Author-email: opensource@google.com
License: Apache 2.0
Location: /home/linkaixi/anaconda2/envs/tensorflow11/lib/python2.7/site-packages
Requires: protobuf, numpy, mock, wheel, six
Any idea to fix this? Shouldn't the non-chief worker wait to be executed until the chief worker finish the initialization? According their documentation which I quote here
In the other tasks sv.managed_session() waits for the Model to have been initialized before returning a session to the training code. The non-chief tasks depend on the chief task for initializing the model.
Thanks a lot!
It should definitely work. I don't understand why it sometimes doesn't.

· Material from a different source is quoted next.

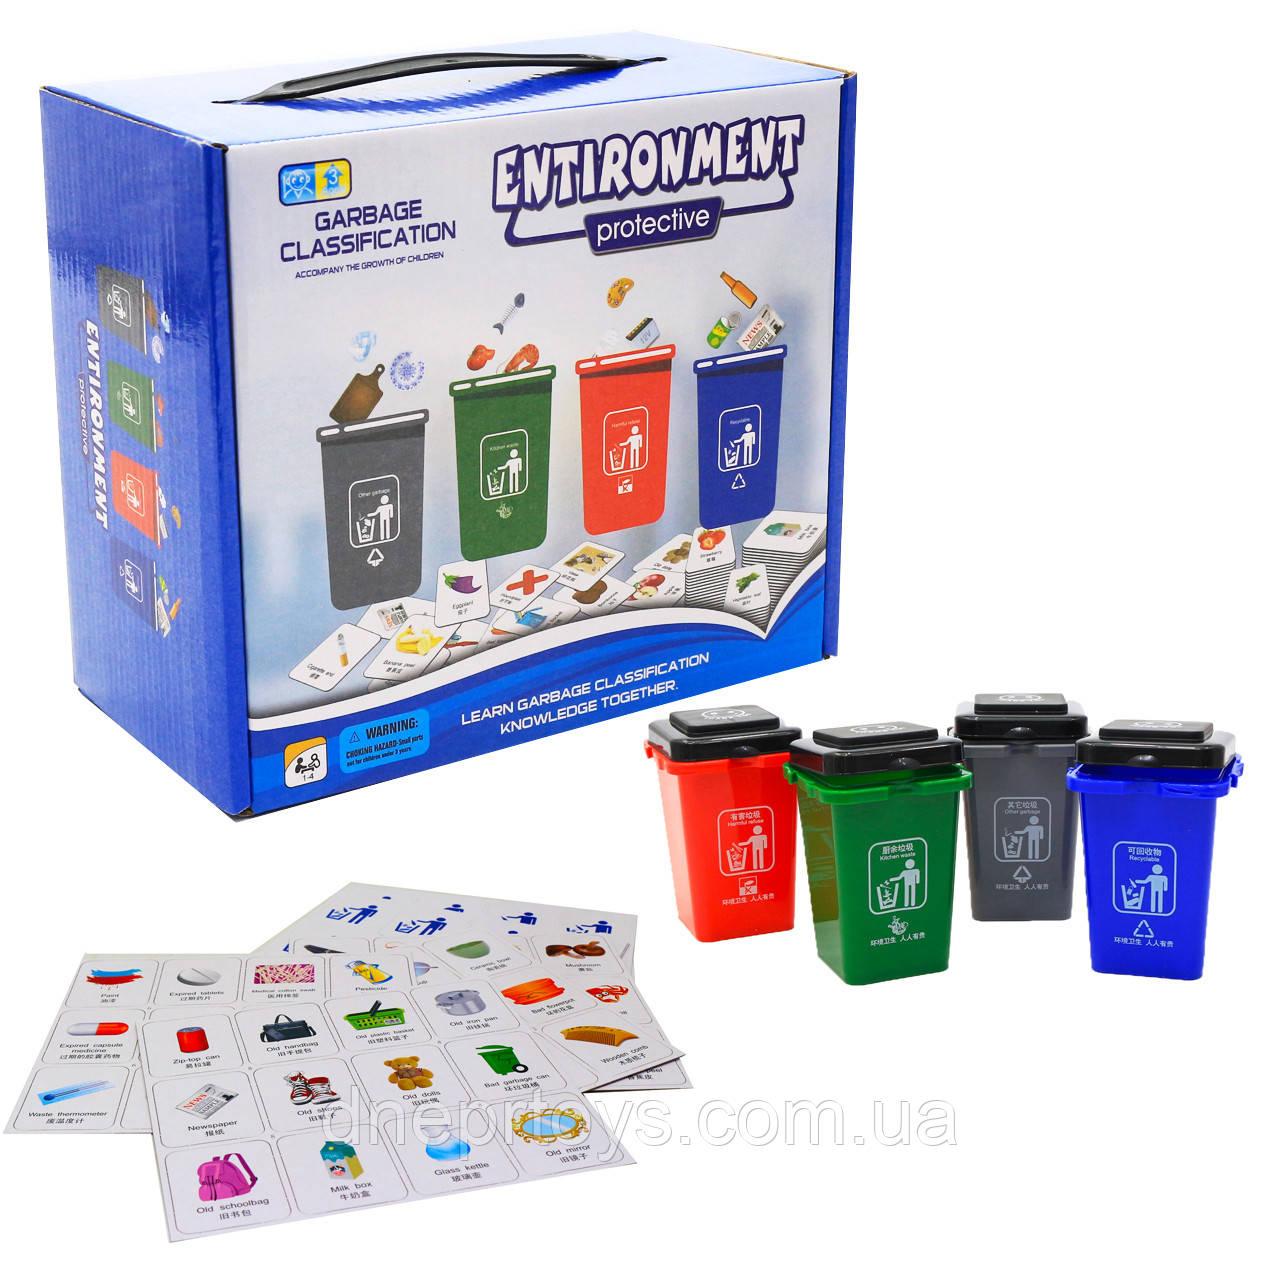 Настольная игра развивающая «Охрана окружающей среды» Renbo Toys, Сортировка мусора, 21*18*11 см, (1988)

One possible cause: make sure that the parameter server process isn't still running from the last run. Due to something inside Tensorflow, ^C, kill <pid>
, or kill -TERM <pid>
don't kill the parameter server. You have to run kill -9 <pid>
to kill it.
That sounds like your environment is getting into a bad state somehow. It'd
be useful to see the logs from /tmp/universe-*.log
, as well as the docker
logs from the environment and stdout/stderr from your run. The logfiles
generally have all the data to explain why something weird is happening.
On Sun, Jan 8, 2017 at 10:21 AM, Yigit notifications@github.com wrote:
This is something I suffer a lot. I am using 16CPU EC2 and running 8 workers on it. Eventually, my rewards goes to zero immediately and when I connect with vnc, I see no action is taken by worker. After a while, I got this exact error.. I don't have any idea what may cause it.
— You are receiving this because you are subscribed to this thread. Reply to this email directly, view it on GitHub https://github.com/openai/universe-starter-agent/issues/44#issuecomment-271168558, or mute the thread https://github.com/notifications/unsubscribe-auth/AAM7kcVwFcSDRE3-U6HHBnld2kYTt7ysks5rQSkYgaJpZM4LbTkM .
This:
FailedPreconditionError: Attempting to use uninitialized value local/value/b
[[Node: local/value/b/read = Identity[T=DT_FLOAT, _class=["loc:@local/value/b"], _device="/job:worker/replica:0/task:11/cpu:0"](local/value/b)]]
and also this:
InvalidArgumentError (see above for traceback): Assign requires shapes of both tensors to match. lhs shape= [6] rhs shape= [8]
[[Node: global/action/b/Adam/Assign = Assign[T=DT_FLOAT, _class=["loc:@global/action/b"], use_locking=true, validate_shape=true, _device="/job:ps/replica:0/task:0/cpu:0"](global/action/b/Adam, zeros_22)]]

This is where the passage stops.